Will Content Quality Still Be a Driver of Advertising Online?
2 min read

Will Content Quality Still Be a Driver of Advertising Online?

Numerous “analysts” (including me) have been predicting that user-generated content sites like MySpace and YouTube, despite their runaway popularity, will not receive all (or even much) of the big brand ad dollars that will be poured into online advertising across the next few years. The reason — advertisers still care about the quality of the content and context where their ads appear, and MySpace and YouTube have too much “crappy” content that can’t be guaranteed to meet given standards. Conversely, these sites are appropriately wary of alienating their users with “traditional” advertising (i.e. display ads, pre-roll video ads), something that most users of traditional media sites have already come to accept.

The analysts at Veronis Suhler Stevenson have put some numbers behind this school of thought:

Traditional US media companies are increasing their share of the fast-growing online advertising sector relative to internet rivals such as Google and Yahoo, according to a new study.

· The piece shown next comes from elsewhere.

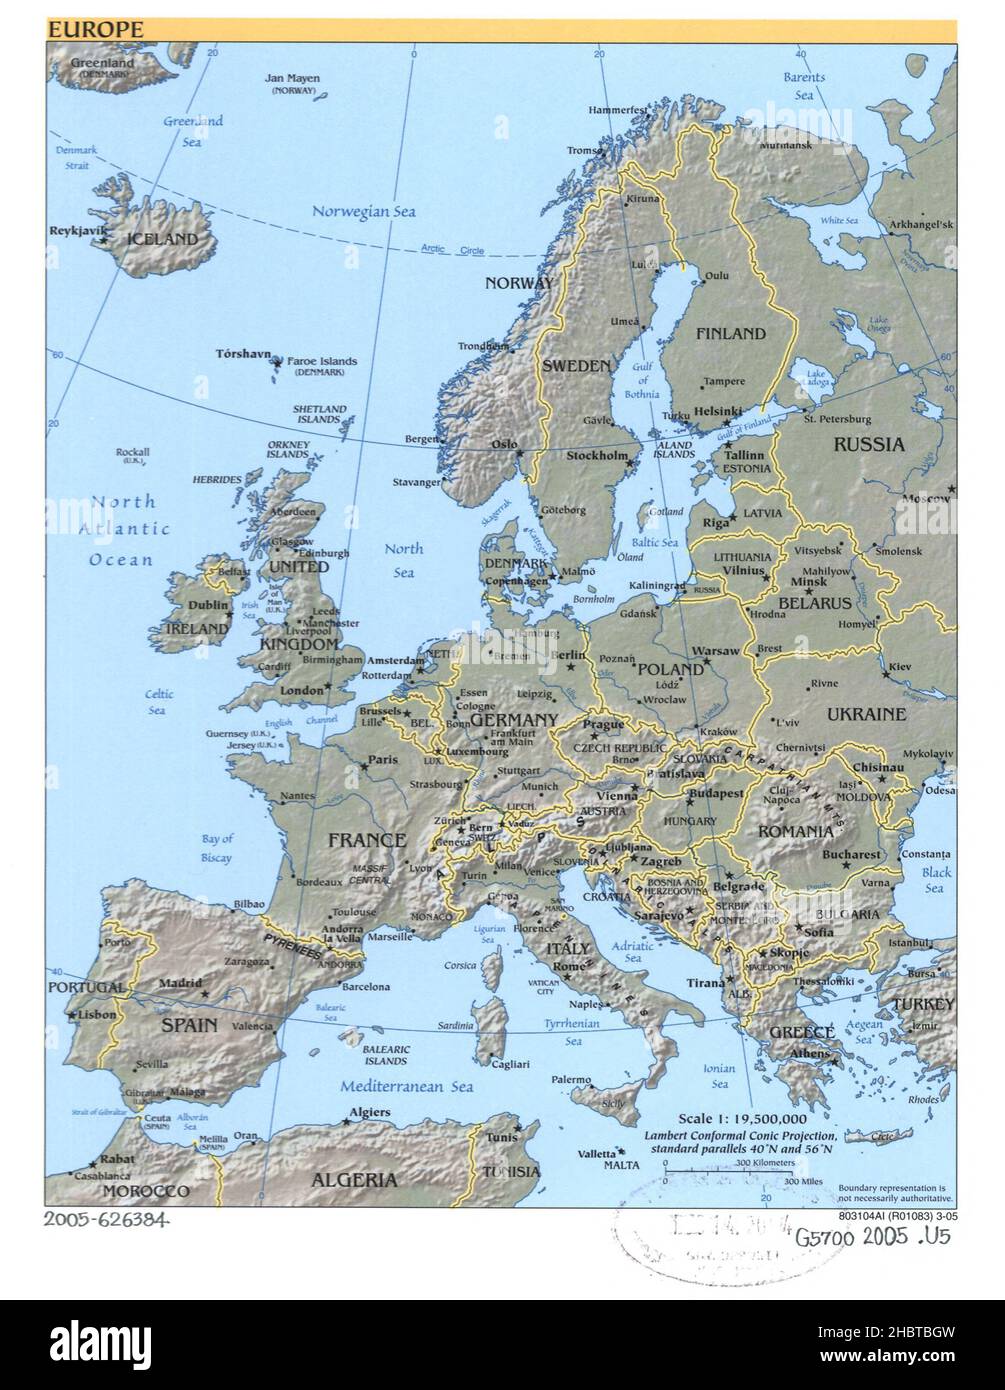 Map of Europe. Shows countries, capital cities, and other major cities. Relief shown by shading ca.  2005 Stock Photo

In one of the first detailed reports of the relative positions of traditional media companies and their online competitors, Veronis Suhler Stevenson, the private equity group, has shown that, contrary to many people’s expectations, media companies are holding their own in the digital space.

VSS will report on Tuesday in its annual comprehensive study of the media business that this year, of the $22bn expected to be spent on online and mobile advertising in the US, traditional media groups’ share is forecast to be 37 per cent, up from 23 per cent in 2000.

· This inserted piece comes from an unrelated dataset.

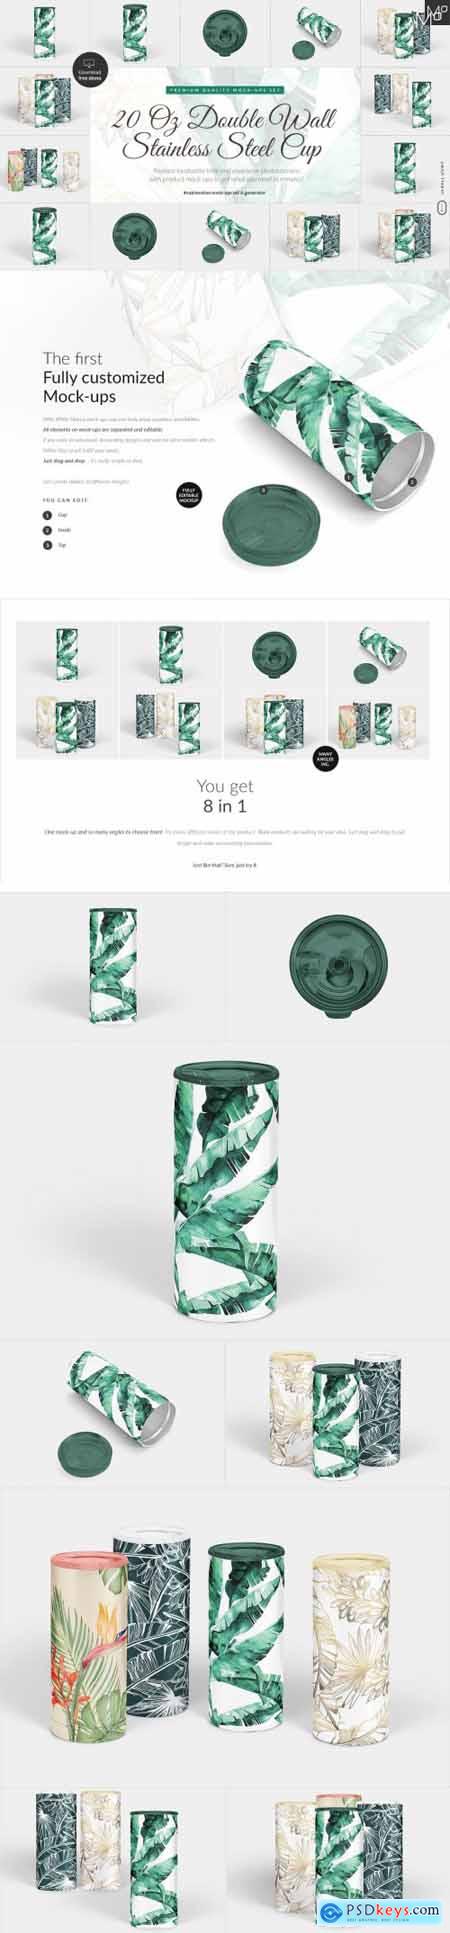 Download Product Mock-ups » page 24 » Free Download Photoshop ...

By 2010, when internet and mobile advertising is due to reach $44bn, traditional media companies are expected to capture $17bn, or nearly 39 per cent, of the total.

If they are smart, the MySpaces and YouTubes of the web can capture a whole new bucket of “social” marketing dollars, the same way that Google did with search marketing. Some traditional media companies will grow or hold onto their share of online ad dollars by acquiring these social media/user-generated content sites — News Corp is of course the de facto poster child with its acquisition of MySpace.

But another key to traditional media companies’ success may be the “quality” of their content (and I put the best blogs and other independent, high quality content producers in this category). The theory here is that the old symbiotic relationship between content and advertising will survive online (even as advertising increasingly becomes content), and that companies will continue to see a direct relationship between perceptions of their brands and perceptions of the content and context where their brand messages appear.

Of course “quality” of content is in the eye of the beholder — but like judging pornography, we all make instinctive judgments about content quality — how many brands do you really think will want to ride along with a video of someone lighting a fart (amusing as some may find such videos)?

Google is many ways proof that content quality still matters online — on Google’s search results page, the measure of quality happens to be relevancy, but it’s a measure of quality all the same.